As the international dairy market grows, New Zealand domestic production will not keep pace so market share will decline. “You must go outside New Zealand to produce dairy which to a degree you are in China but you would expect more. But if you can’t keep up with sheer volume production at home you should produce higher value products, so your value share doesn’t decline.”

Sixty per cent of global growth in infant formula in the last five years has come from China and Hong Kong. New Zealand has provided the raw material, but infant formula is highly branded with the biggest global food companies, Nestle, Danone, Mead Johnson and Abbott Laboratories,  having their own brands and 50% of global market share.

“Infant formula is largely milk powder with pixie dust and a strong brand. But the margins are made by the brand owners so you guys are commodity orientated and providing the raw materials. 

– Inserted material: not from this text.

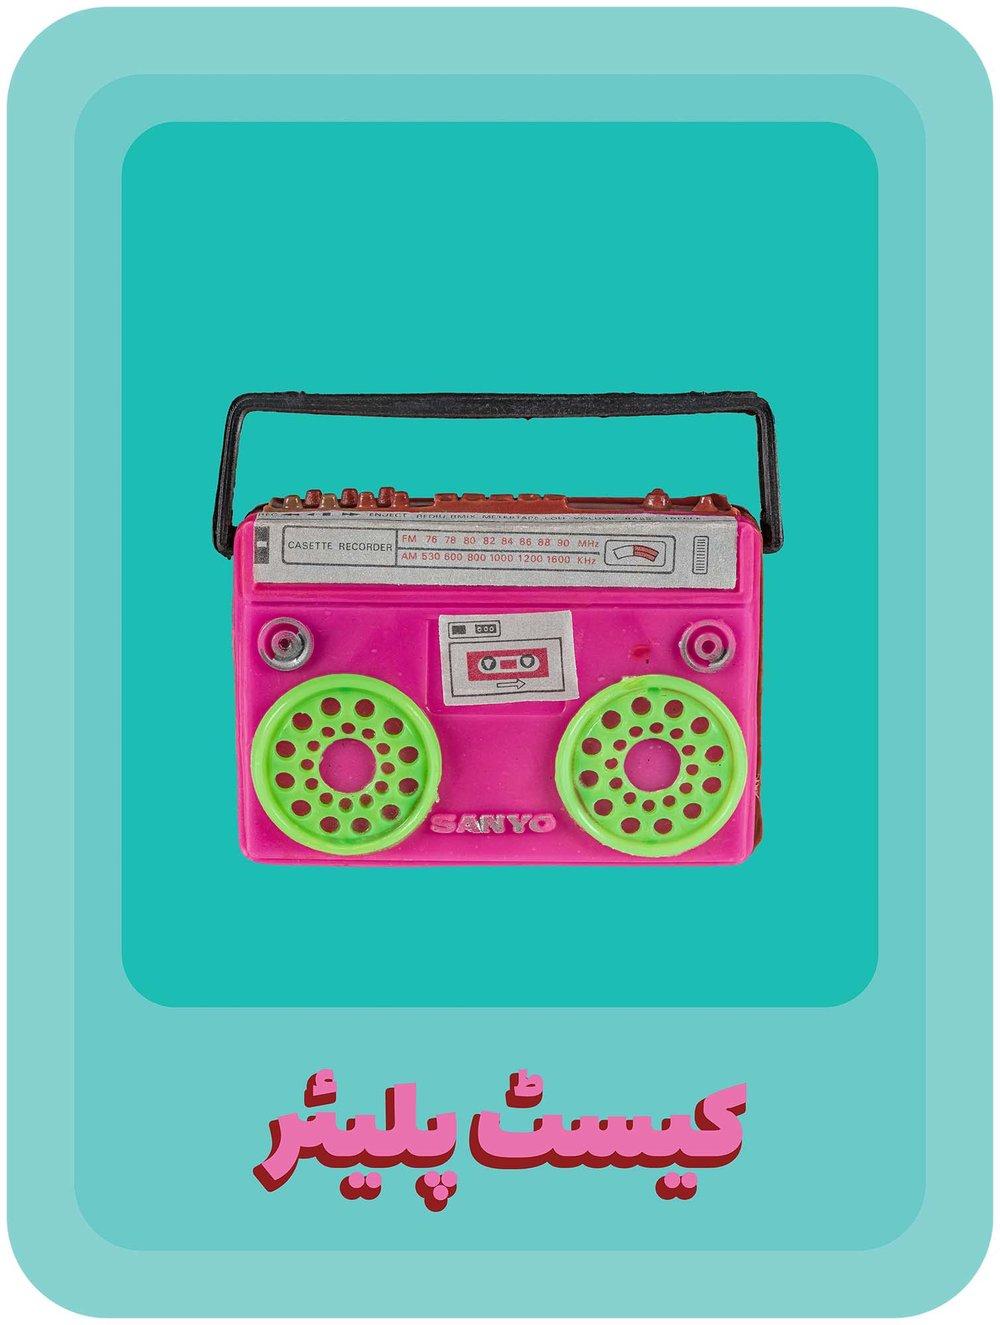 Cassette Player #1
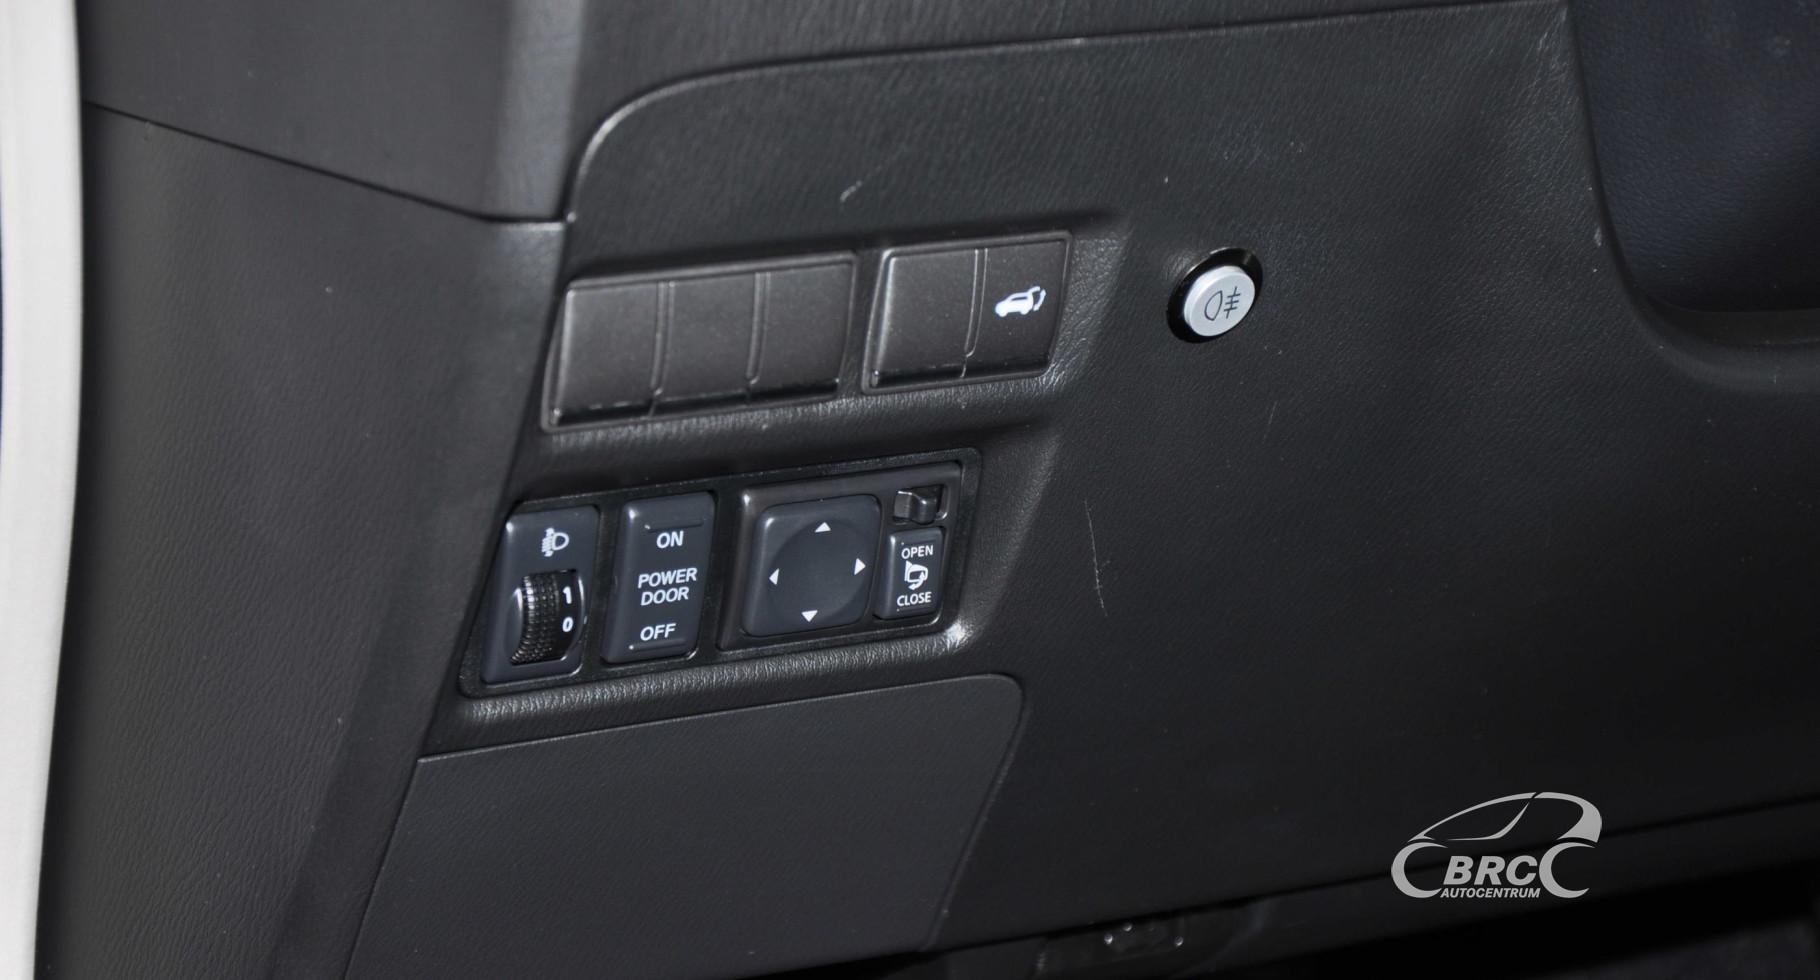 Infiniti QX56 5.6 V8 AWD Automatas

“Fonterra does have an infant formula brand but it’s a very new one and still at the pilot stage, so it prompts the question, why weren’t you into that earlier?”

Brands are not in the New Zealand DNA, he says. “There are examples of good regional brands if you look in Asia: Anlene is an example, but there are too few of them. In history you see yourselves more as commodity producers and very, very good ones.

“As the cost of production in New Zealand increases because of higher land prices, more difficulties with planning regulations and environmental requirements, it would be helpful if you were into higher value products.

“This means intellectual property, patented special ingredients or more branded products. That’s a journey you are on at the moment but you still have a very long way to go.”

Hughes says Fonterra’s need to speed up its move to higher value products is a farmer problem. “Farmers own Fonterra. Farmers tell Fonterra ‘don’t do anything clever, just sell the milk powder for as much as you can and send as much of that money back to the farm’.

“That disallows Fonterra to invest in more R&D so they can develop specialty high value food ingredients, and it gives them insufficient budgets to invest at the level they need to in brands.”

The shift requires farmer leadership, he says. “They have to at some stage say ‘send less back, invest more in brands and R&D and in the longer term that will benefit us disproportionately’. 

“But if you don’t allow that to happen, you will continue on the commodity path.”